The Daring Twins
- First edition
- Author: L. Frank Baum
- Illustrator: Pauline M. Batchelder
- Language: English
- Series: The Daring Twins
- Genre: Mystery
- Publisher: Reilly & Britton
- Publication date: 1911
- Publication place: United States
- Media type: Print (hardcover)
- Pages: 317 pp.

= The Daring Twins =

1911 children's novel by L. Frank Baum

The Daring Twins: A Story for Young Folk is a mystery novel for juvenile readers, written by L. Frank Baum, author of the Oz books. It was first published in 1911, and was intended as the opening installment in a series of similar books.

Baum's plan for a series of juvenile novels featuring the Daring family was never fully realized; a sequel to the first book, titled Phoebe Daring, was published in 1912. Unlike many of his mysteries, adventure stories, and juvenile novels, Baum published his two Daring Twins novels under his own name, rather than employing one of his multiple pseudonyms.

The Daring Twins was republished in 2006 under the alternative title The Secret of the Lost Fortune. The 2006 edition carries a notice on its copyright page that "The novel contains a number of racial and ethnic stereotypes that may be considered offensive today."

==Plot==
The story centers on a family of five orphaned children, two of whom are twins. Phil Daring works in a bank; when he is unjustly suspected of thievery, his twin sister Phoebe, a spirited 16-year-old, seizes the initiative in proving his innocence. (Baum was simultaneously writing a similar story, of a brave girl defending and supporting her brother, in his 1911 novel The Flying Girl. And he would re-use the plot of a girl with an unjustly-accused relative in his 1916 book, Mary Louise, the first book of yet another series.)

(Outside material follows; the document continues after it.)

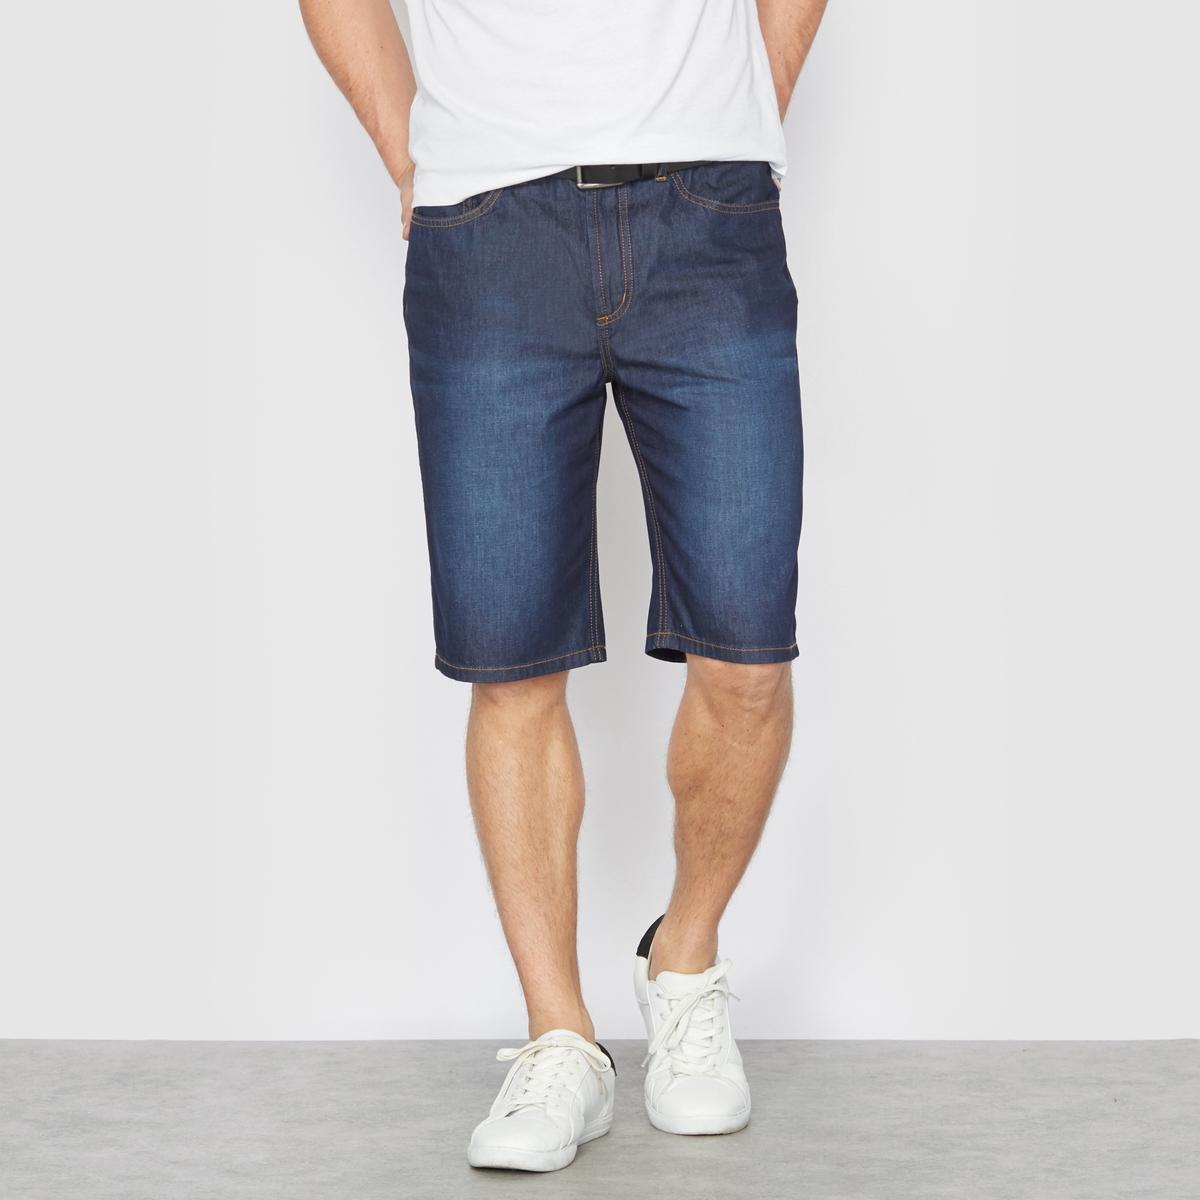 Бермуды, 5 карманов, из легкого денима, 100% хлопкаБермуды из джинсы. 5 карманов . Полностью эластичный пояс для комфорта. Из очень легкого денима, незаменимая вещь в летний сезон, 100% хлопка. Длина по внутр.шву 29 см.Обратите внимание, что бренд Taillissime создан для высоких, крупных мужчин с тенденцией к полноте. Чтобы узнать подходящий вам размер, сверьтесь с таблицей больших размеров на сайте.<br><br>Цвет: темно-синий потертый<br>Размер: 50 (FR) - 56 (RUS).54.68.52 (FR) - 58 (RUS)

The Daring Twins' late father had been in the sugar business; he was ruined financially when he refused to join in a monopoly, believing that trusts and monopolies are "unjust and morally unlawful" — an interesting look into Baum's values.

==Trivia==
The novel and its sequel revolve around brave, spirited teenagers in a small town called Riverdale, 30 years before the founding of Archie Comics, a popular franchise with the same basic premise.